The Shadow Roads by Sean Russell
The Shadow Roads brings The Swans’ War to a somewhat satisfying close, but its many weaknesses lessen the impact it might have had. The strength is the backstory — the sense of myth surrounding the three children of Wyrr, Death walled away into his own world, stories of loss and transformation. When Sean Russell spends time in this area, whether in detail or just tangentially, it lends a sad sense of grandeur and depth to the work as a whole. Unfortunately, this strength is negated by too many weaknesses.
One is that the characters become more pallid as we come to the end of the story, rather than more intense as should be the case after having spent three books’ worth of time with them. The Shadow Roads follows the by-now-familiar multi-stranded structure of most fantasy, with frequent shifts of perspective and setting. But none of them really catch fire. There are so many characters that the individual impact of any one is diluted, and we are all too often too quickly whisked away from one to the other. It isn’t that the story is too complex (except one area to be discussed), but that it’s too thinly spread.

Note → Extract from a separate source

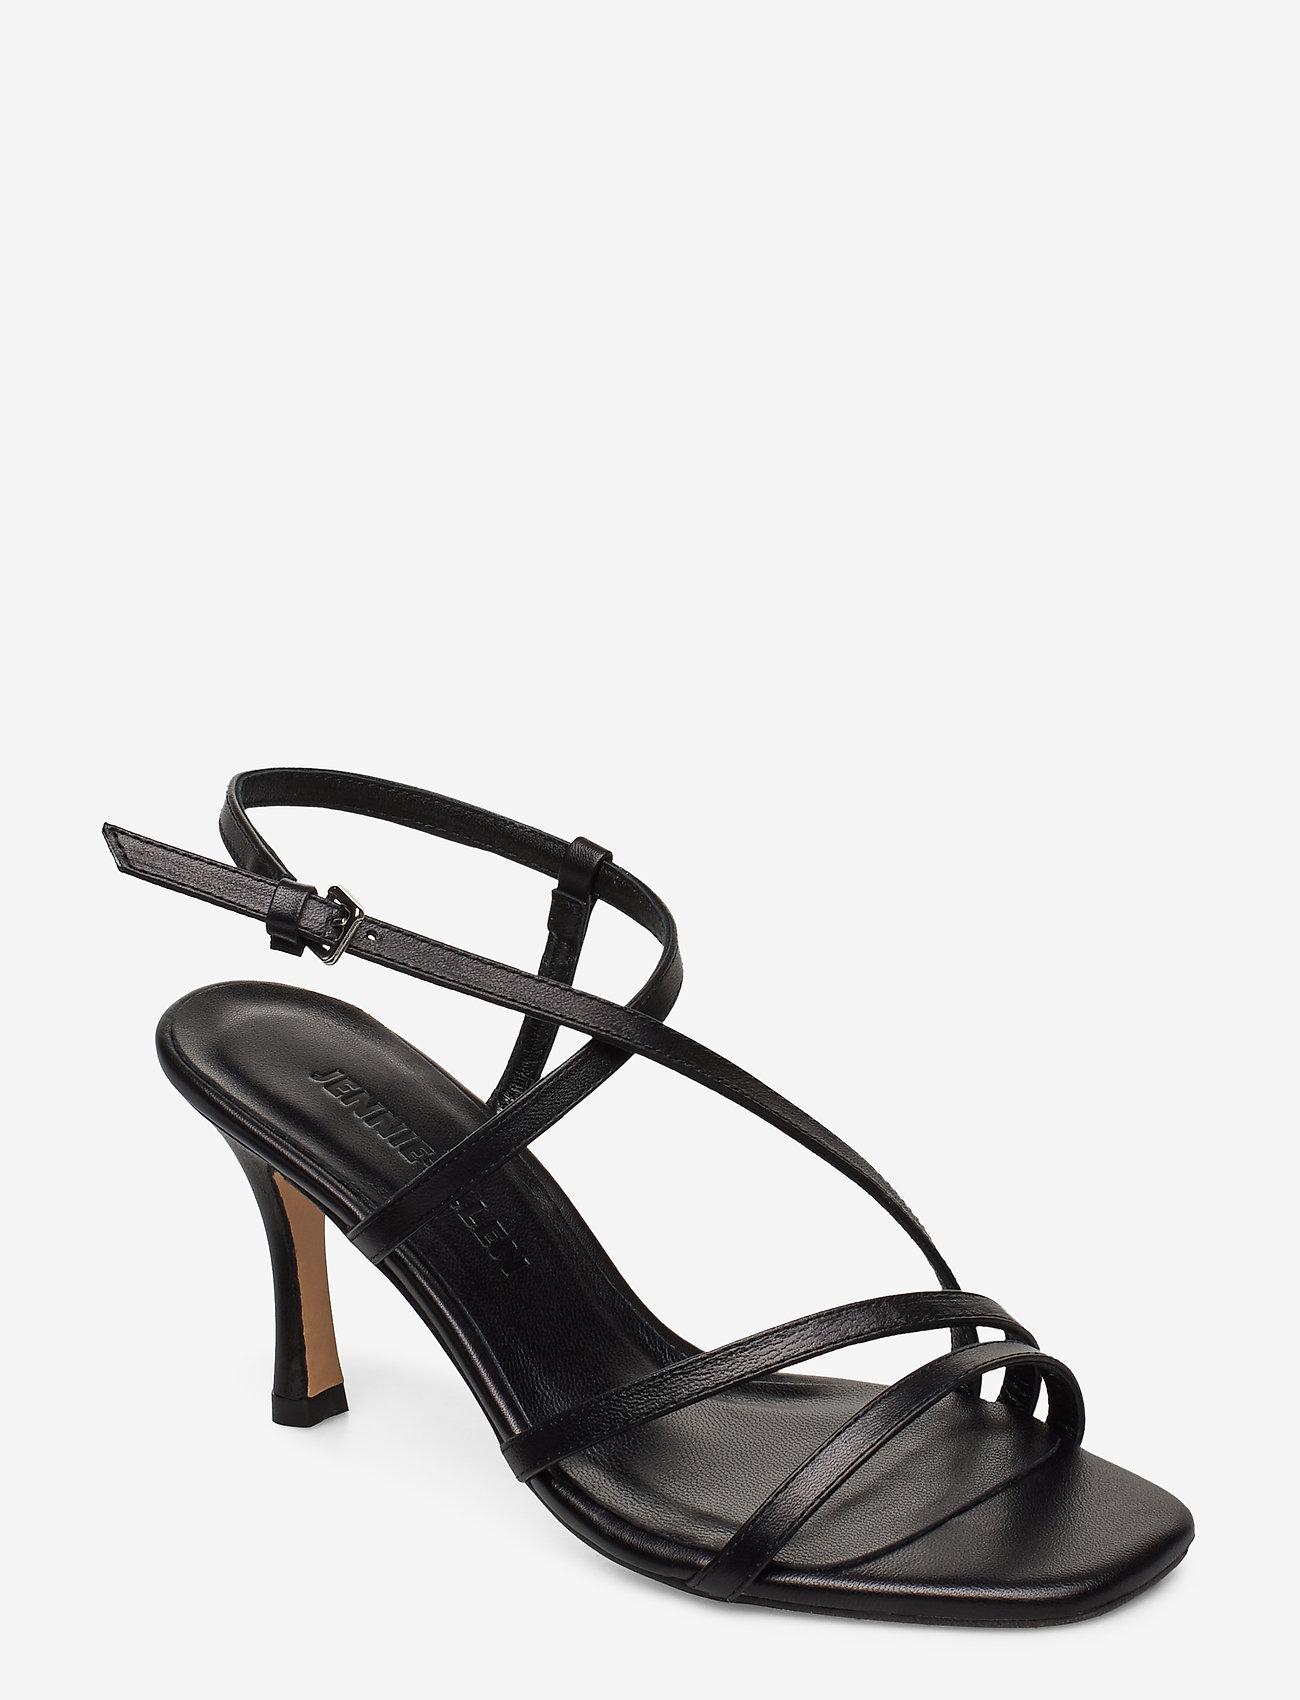 Jennie-Ellen - Anais - høyhælte sandaler - black leather

We simply don’t spend enough time with any of them to care much about them. And some characters are simply dragged along with little to say or do, so that one wonders why the editor didn’t tell Russell to either kill them off or send them home with a message.
The plot is mostly two-fold: the quest to beat Hafydd to a place where he can set in motion the release of Death and the quest to resolve the ongoing and more mundane war between the Renne’s and the Wills. The first story is pretty straightforward though it suffers from a somewhat plodding pace (too much time describing river travel that is too similar to previously described river travel), some superfluous characters and plot-lines that are mostly just dropped in and forgotten (perhaps setting up future works?), and an abrupt close with a deus ex machina resolution that is very anti-climatic. The second story, dealing with the more mundane war, suffers from complexity for complexity’s sake, where too many people with the same last names have double-crossed or pretended to double-cross too many other people with the same last names who also double-crossed… and so on. It’s unnecessarily complex and simply slows the pace and lessens the impact. And here again, the ending is a bit too pat.
All the way through this series, it felt as if it had greater potential than it was actually achieving, with strong prose and at times strong character/myth creation lifting it up out of the sense of average fantasy one often had while reading it, just in time to keep the reader going. The Shadow Roads keeps the strong descriptive prose (too much so at times) and the myth-sense is as strong as ever or even stronger, but it can’t save the book from its other flaws. It isn’t a bad book, but one certainly feels it could have been much better. Something I’d say about the series as a whole.
The Swans’ War — (2001-2004) Publisher: The cataclysm began more than a century earlier, when the King of Ayr died before naming an heir to the throne, and damned his realm to chaos. The cold-blooded conspiracies of the Renne and the Wills — each family desirous of the prize of rule — would sunder the one kingdom, and spawn generations of hatred and discord. Now Toren Renne, leader of his great and troubled house, dreams of peace — a valiant desire that has spawned hostility among his kinsmen, and vicious internal plots against his life. In the opposing domain, Elise Wills’s desire for freedom is to be crushed, as an unwanted marriage to an ambitious and sinister lord looms large. As always, these machinations of nobles are affecting the everyday lives of the common folk — and feeding a bonfire of animosity that has now trapped an unsuspecting young Valeman Tam and two fortune-hunting friends from the North in its high, killing flames. But the closer Toren comes to achieving his great goal of uniting two enemy houses, the more treachery flowers. Nobles and mystics alike conspire to keep the realm divided, knowing that only in times of strife can their power grow. And perhaps the source of an unending misery lies before an old king’s passing, beyond the scope of history, somewhere lost in a fog of myth and magic roiling about an ancient enchanter named Wyrr — who bequeathed to his children terrible gifts that would poison their lives… and their deaths. It is a cursed past and malevolent sorcery that truly hold the land, its people, and its would-be rulers bound. And before the already savaged kingdom can become one again, all Ayr will drown in a sea of blood.